Reduce the material below to its lines containing "Hulk".
□ □ □ □ □
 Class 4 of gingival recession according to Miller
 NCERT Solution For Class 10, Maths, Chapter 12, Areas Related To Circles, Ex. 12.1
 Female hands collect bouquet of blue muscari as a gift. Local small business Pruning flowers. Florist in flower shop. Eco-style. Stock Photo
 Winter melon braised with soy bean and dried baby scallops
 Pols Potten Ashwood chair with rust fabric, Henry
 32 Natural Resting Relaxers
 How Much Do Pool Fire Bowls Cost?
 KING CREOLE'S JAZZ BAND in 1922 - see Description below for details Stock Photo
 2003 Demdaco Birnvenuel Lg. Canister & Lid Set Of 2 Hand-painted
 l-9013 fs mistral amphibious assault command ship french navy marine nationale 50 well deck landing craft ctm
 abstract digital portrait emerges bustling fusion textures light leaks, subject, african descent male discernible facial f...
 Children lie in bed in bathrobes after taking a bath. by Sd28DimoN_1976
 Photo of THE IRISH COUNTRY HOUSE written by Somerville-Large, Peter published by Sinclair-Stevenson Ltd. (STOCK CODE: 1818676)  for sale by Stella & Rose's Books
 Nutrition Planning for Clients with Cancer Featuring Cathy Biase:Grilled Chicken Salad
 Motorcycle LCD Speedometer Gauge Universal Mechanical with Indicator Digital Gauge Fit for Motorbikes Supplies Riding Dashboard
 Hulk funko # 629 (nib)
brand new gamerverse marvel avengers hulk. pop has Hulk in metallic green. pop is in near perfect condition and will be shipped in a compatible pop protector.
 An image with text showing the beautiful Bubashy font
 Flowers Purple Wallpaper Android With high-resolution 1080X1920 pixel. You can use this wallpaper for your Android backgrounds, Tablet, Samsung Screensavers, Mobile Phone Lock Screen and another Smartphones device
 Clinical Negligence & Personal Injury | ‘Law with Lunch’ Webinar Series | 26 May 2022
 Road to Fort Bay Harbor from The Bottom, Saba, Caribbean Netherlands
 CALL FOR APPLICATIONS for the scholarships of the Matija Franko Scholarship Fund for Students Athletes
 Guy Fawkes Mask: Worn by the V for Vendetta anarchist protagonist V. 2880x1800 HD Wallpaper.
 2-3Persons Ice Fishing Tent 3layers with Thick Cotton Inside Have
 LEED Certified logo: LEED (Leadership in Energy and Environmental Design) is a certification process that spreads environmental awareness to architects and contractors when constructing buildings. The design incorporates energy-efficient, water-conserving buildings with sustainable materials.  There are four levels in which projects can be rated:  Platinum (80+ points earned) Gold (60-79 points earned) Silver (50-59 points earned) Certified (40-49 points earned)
□ □ □ □ □
The completed task:
 Hulk funko # 629 (nib)
brand new gamerverse marvel avengers hulk. pop has Hulk in metallic green. pop is in near perfect condition and will be shipped in a compatible pop protector.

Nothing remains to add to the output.